Author's Note: This is not the most up-to-date version of Luminosity: Book One. I strongly recommend reading this story on my own webspace. You can find it at the URL luminous . elcenia . com (remove the spaces, or use the link on my author profile). The reason this version is not up-to-date is the result of the limitations of fanfiction dot net. It has a terrible user interface that I don't want to fight with any more than I have to. Also, the revised version of the story has most chapters compressed, split in different places, and concatenated in different ways, but I am concerned that trying to duplicate this here would cause my reviews to evaporate. Accordingly, you should read at luminous dot elcenia dot com.

If you insist on reading here anyway, very well: with no further ado, I present Luminosity: Book One.


You don't have to make a hundred mistakes for everything to disintegrate around you.

One will do.

One wrong risk, one misplaced trust, one careless guess is enough to destroy the one thing you can least afford to lose.

But I'd never had any reason to imagine that my disaster would befall me at the time when I was most unexpectedly safe.


Here is how I decided to live with my father in Washington.

My favorite three questions are, What do I want?, What do I have?, and How can I best use the latter to get the former?

Actually, I'm also fond of What kind of person am I?, but that one isn't often directly relevant to decision making on a day-to-day basis.

What did I want? I wanted my mother, Renée, to be happy. She was the most important person to me, bar none. I also wanted her around, but when I honestly evaluated my priorities, it was more important that she be happy. If, implausibly, I had to choose between Renée being happy on Mars, and Renée being miserable living with me as she always had - I wouldn't be thrilled about it. At all. But I'd send her to Mars.

Mars wasn't in the picture, but my new stepfather Phil's travel schedule was. I'm a minor child; one isn't permitted to leave those unattended for too long. And so when he went from city to city, Renée stayed home, with me.

She was not happy.

Renée loves me, but she loves Phil too, or she wouldn't have married him. (I wouldn't call her the world's most self-aware person, but marriage is something she takes very seriously, since her divorce from my father. She was careful this time around.)

What did I have?

Lots of things - but the relevant one was: another parent.

And so, to let Renée follow Phil and be happy, I moved to the town of Forks, Washington - to stay, where I'd previously only spent summers.


It's a significant flight from Phoenix to Forks. A significant two flights and a drive, actually. I stocked my carry-on luggage with books to read and spiral notebooks to fill. I made a habit of carrying notebooks, and pens, everywhere. If I pinned my thoughts onto paper, they couldn't escape later. Without that kind of enforcement, they were liable to morph into versions of themselves that were more idealized, more consistent - and not what they were originally, and therefore false. Or they'd be forgotten altogether, which was even worse (those thoughts were mine, and I wanted them).
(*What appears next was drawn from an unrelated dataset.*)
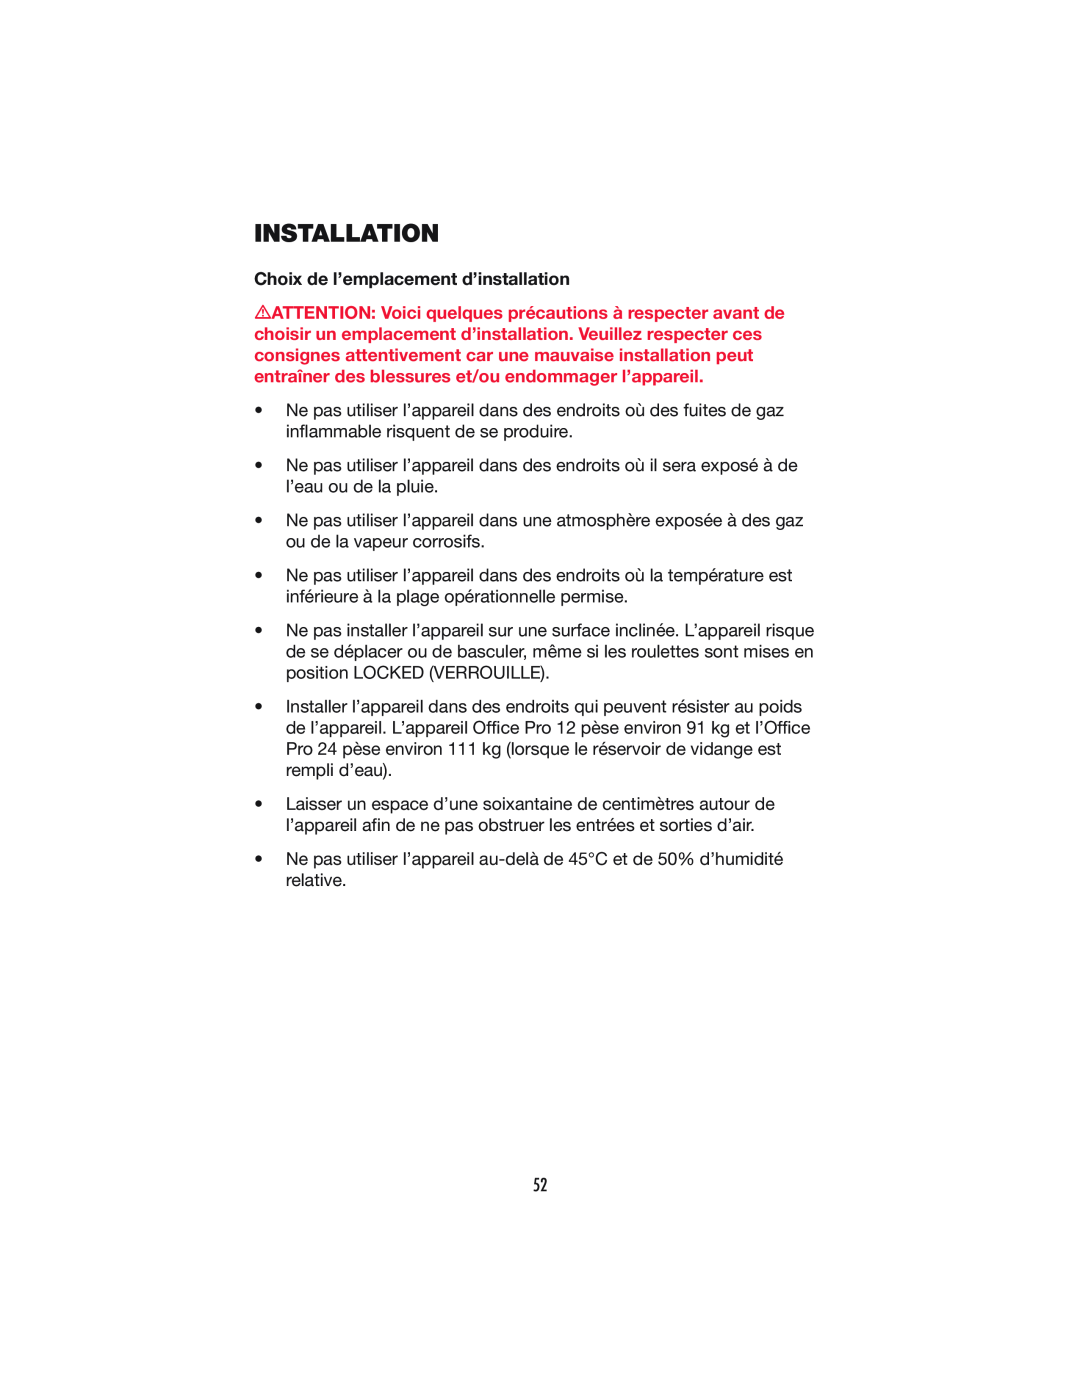 Denso OFFICE PRO 12, OFFICE PRO 24 operation manual Installation, Choix de l’emplacement d’installation

I wrote a lot, whenever anything remotely unusual or challenging happened. Once a week or so, I typed it all up, so I'd have a searchable archive. Originally I'd had to write down everything I could come up with in order to be more or less sure that I wasn't fooling myself more than was strictly necessary; after a few years of practice, I mostly trusted myself to remember my actual thoughts and not the fictionalized ones my brain preferred to provide. By the time I moved to Forks, the notebooks were more of a comfort object, which I mostly used for things I might need to refer to that were too important to leave to memory.

My father, Charlie, met my second plane in Port Angeles, hugged me with one arm, and helped me get my suitcases into his police cruiser. Once I'd buckled my seatbelt, in accordance with the law it would have been too ironic not to obey in a cop car, Charlie began the drive to his house - my house, too, I supposed. He told me he'd found a good car for me, a cheap one.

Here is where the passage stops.